* _Task_: The data below should be printed in full, exactly, and without any of its images.

─── Recorded data ───

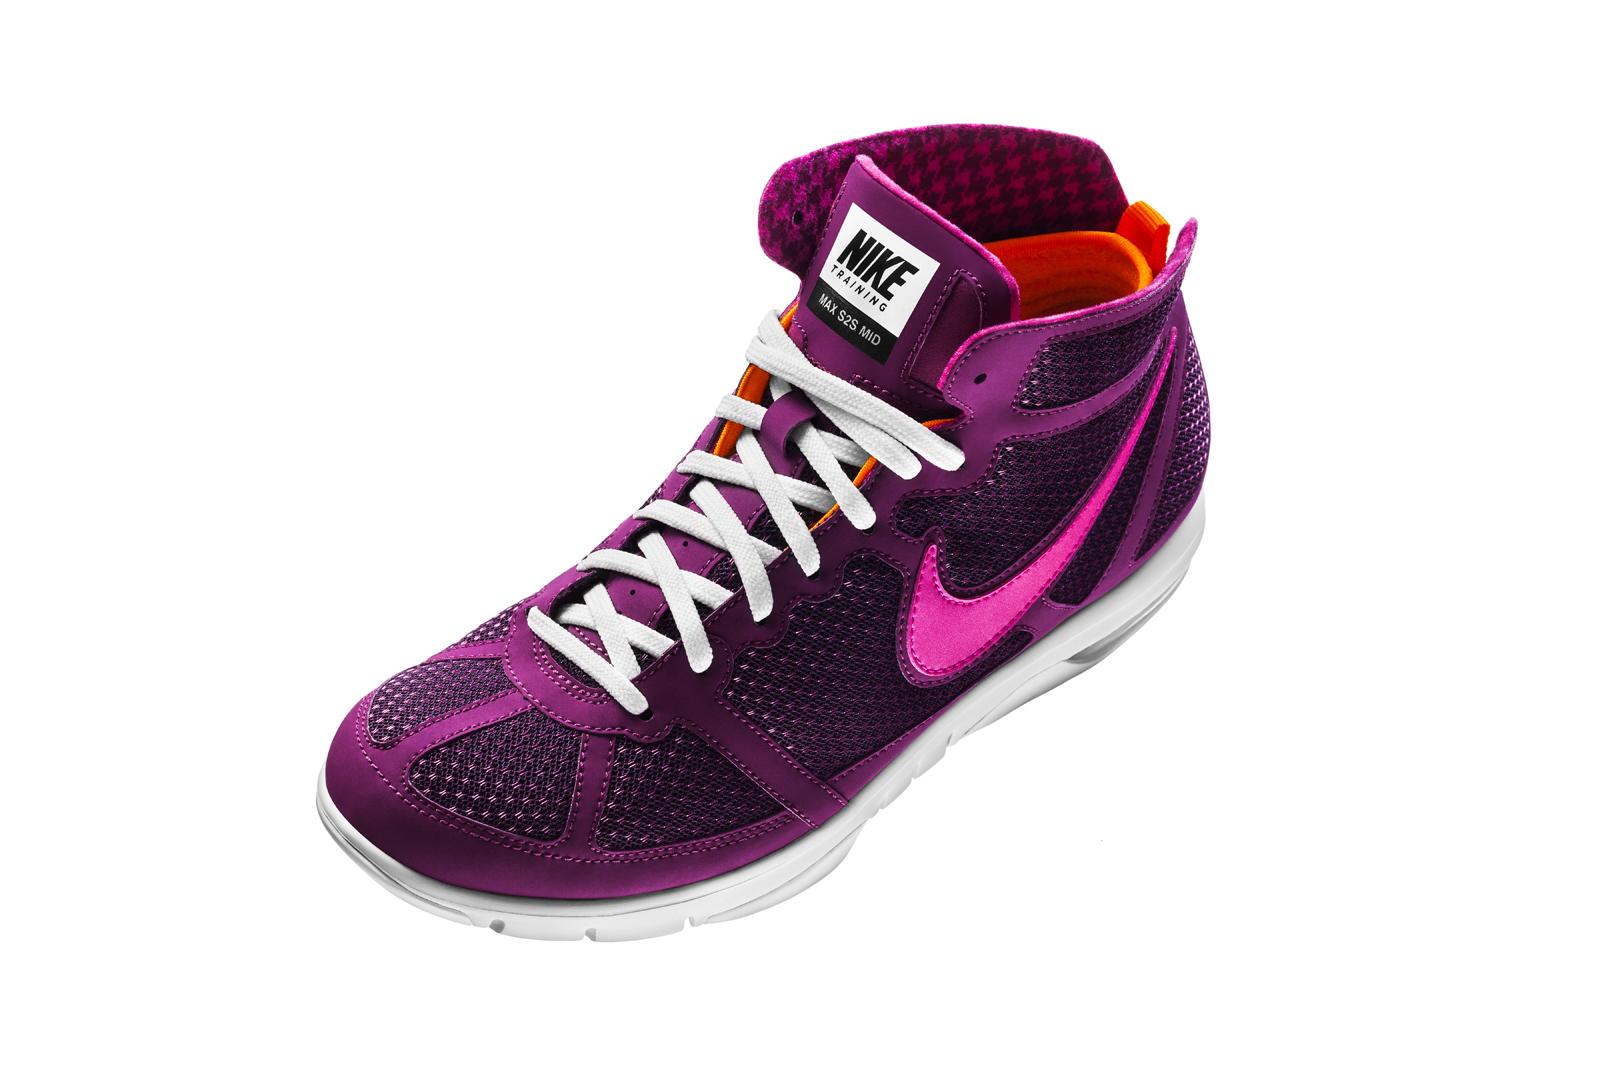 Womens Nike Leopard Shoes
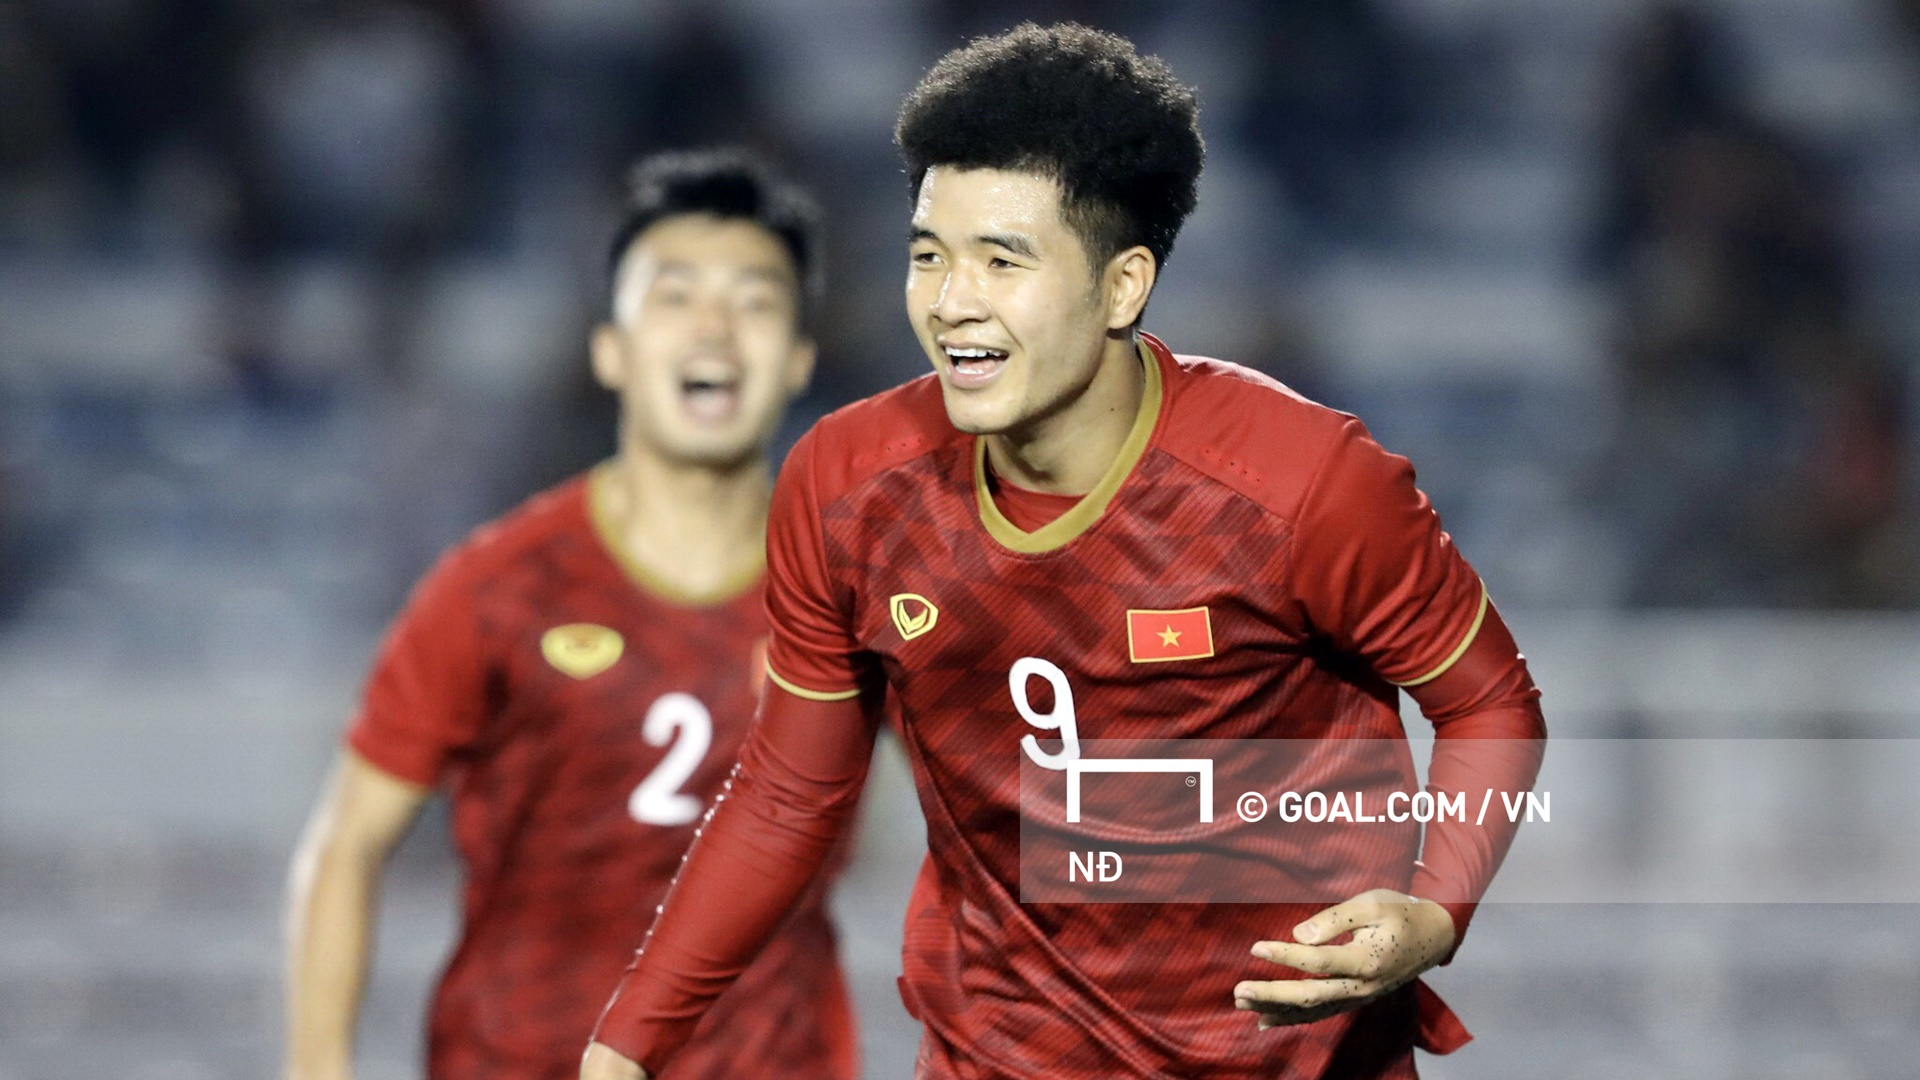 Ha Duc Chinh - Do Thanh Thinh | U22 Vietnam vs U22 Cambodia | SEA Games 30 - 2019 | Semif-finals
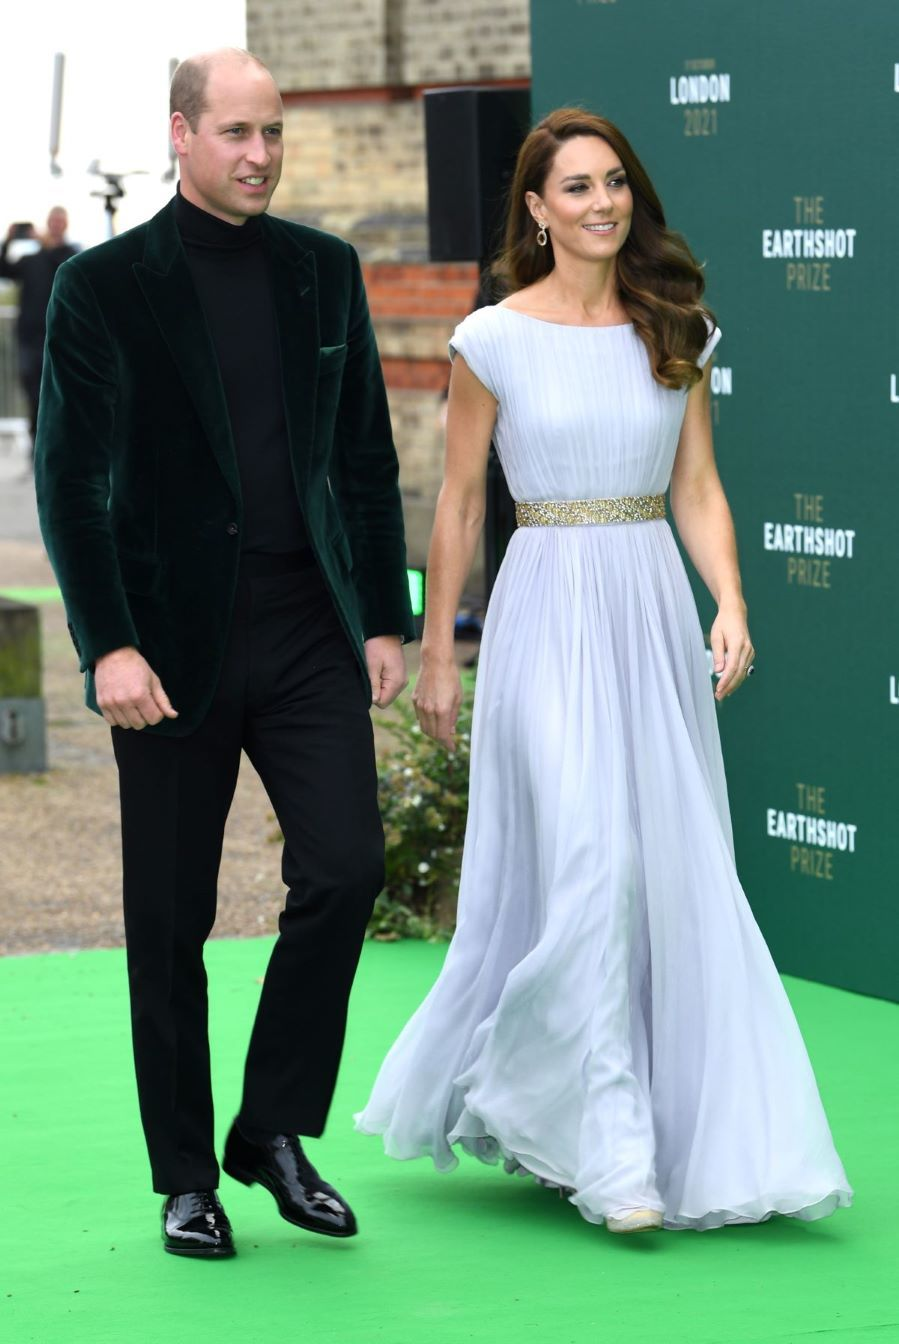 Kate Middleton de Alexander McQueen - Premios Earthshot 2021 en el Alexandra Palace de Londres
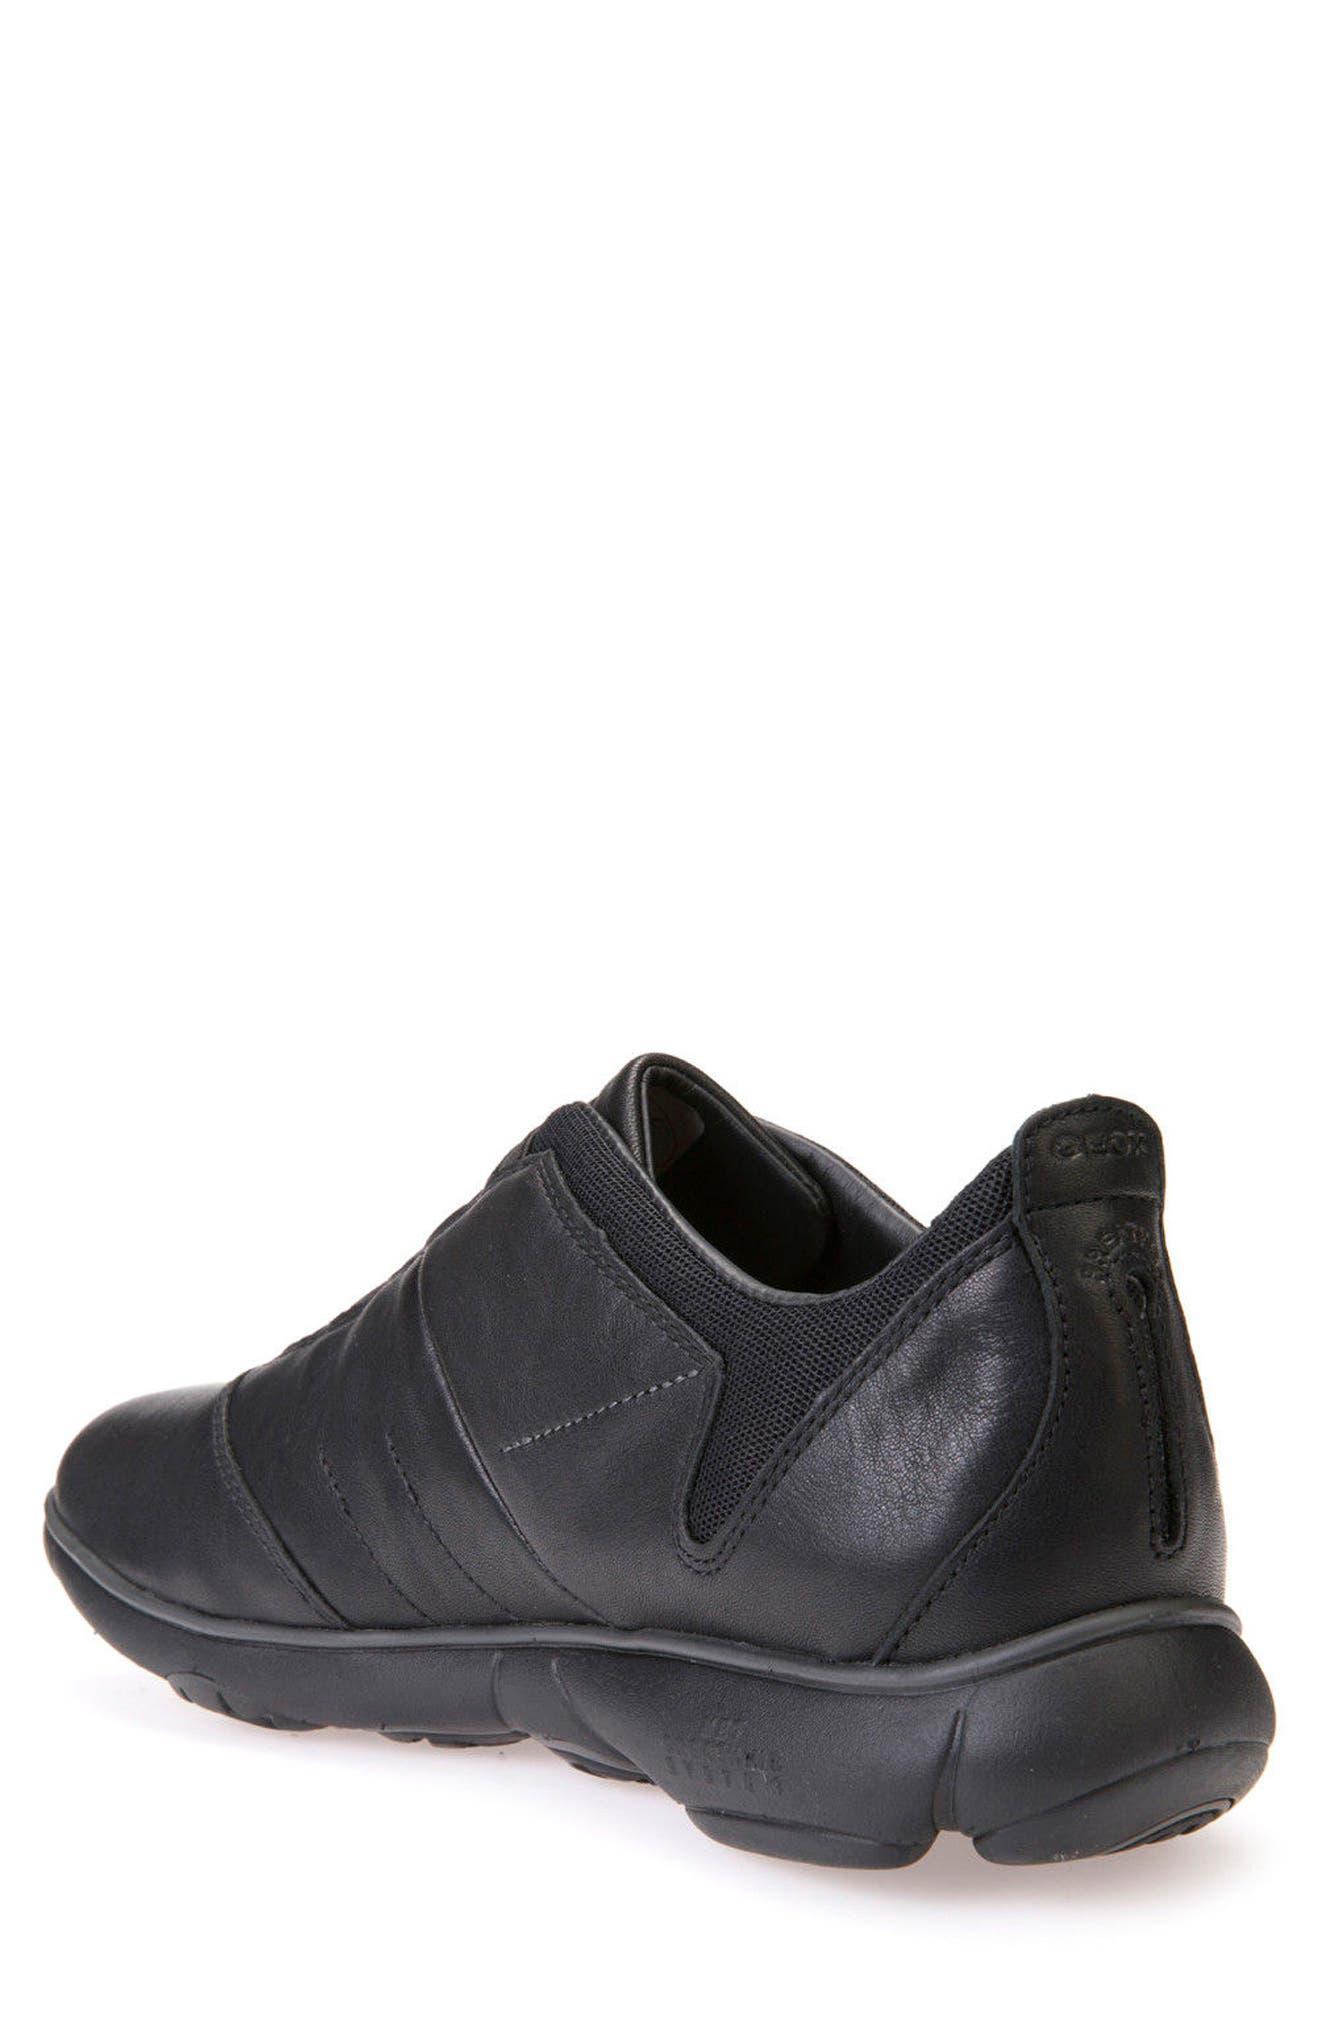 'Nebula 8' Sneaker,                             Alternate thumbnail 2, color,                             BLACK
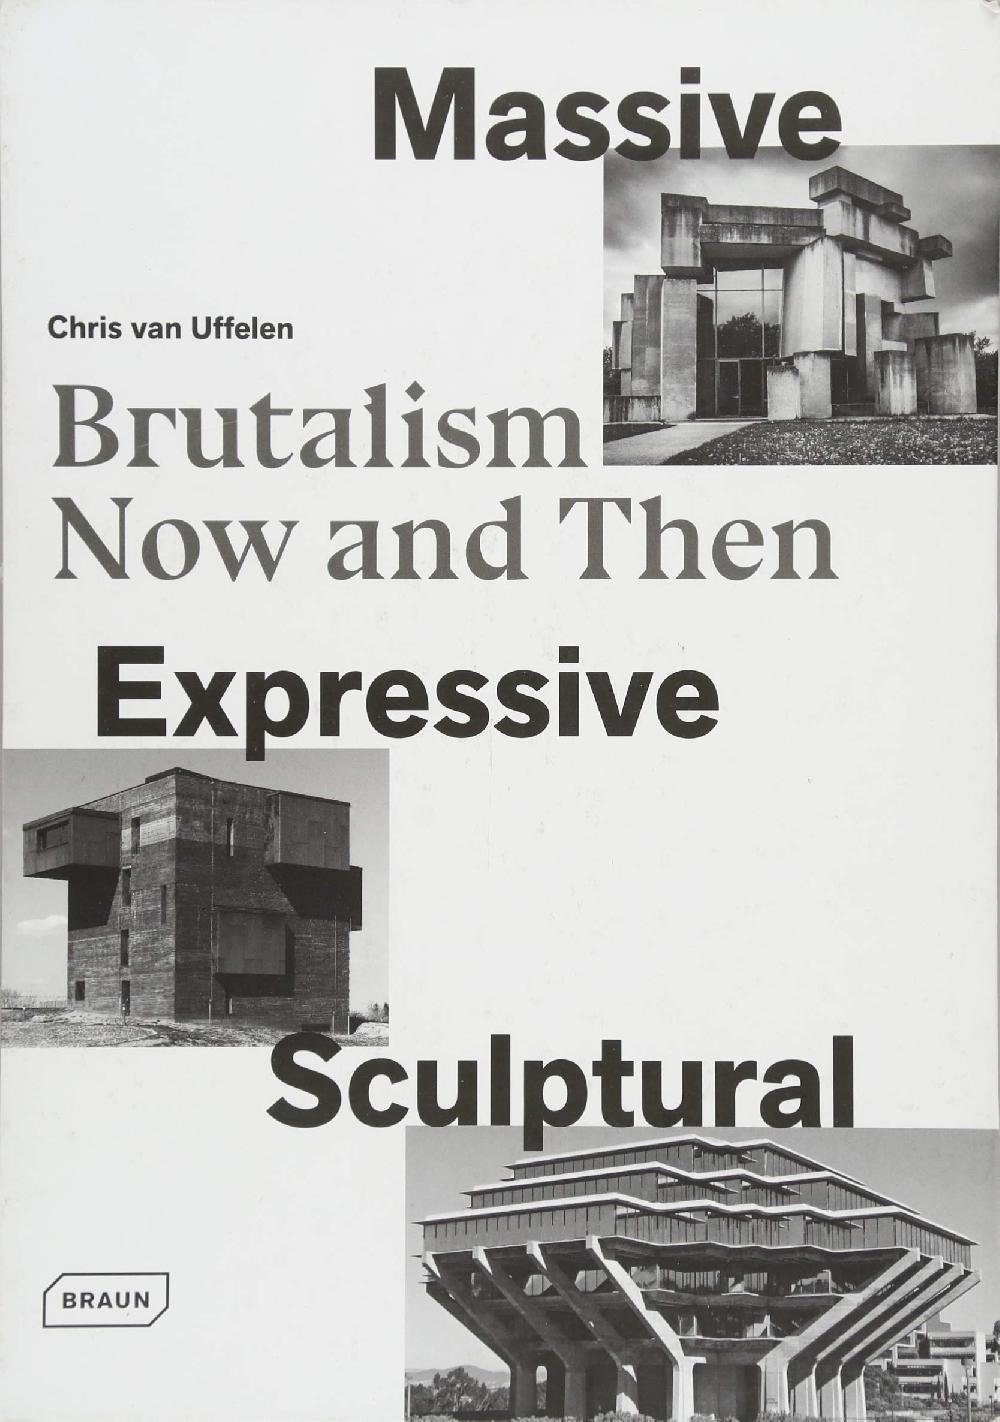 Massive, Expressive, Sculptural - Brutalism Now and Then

───

* _Solution_:
 Womens Nike Leopard Shoes
 Ha Duc Chinh - Do Thanh Thinh | U22 Vietnam vs U22 Cambodia | SEA Games 30 - 2019 | Semif-finals
 Kate Middleton de Alexander McQueen - Premios Earthshot 2021 en el Alexandra Palace de Londres
 'Nebula 8' Sneaker,                             Alternate thumbnail 2, color,                             BLACK
 Massive, Expressive, Sculptural - Brutalism Now and Then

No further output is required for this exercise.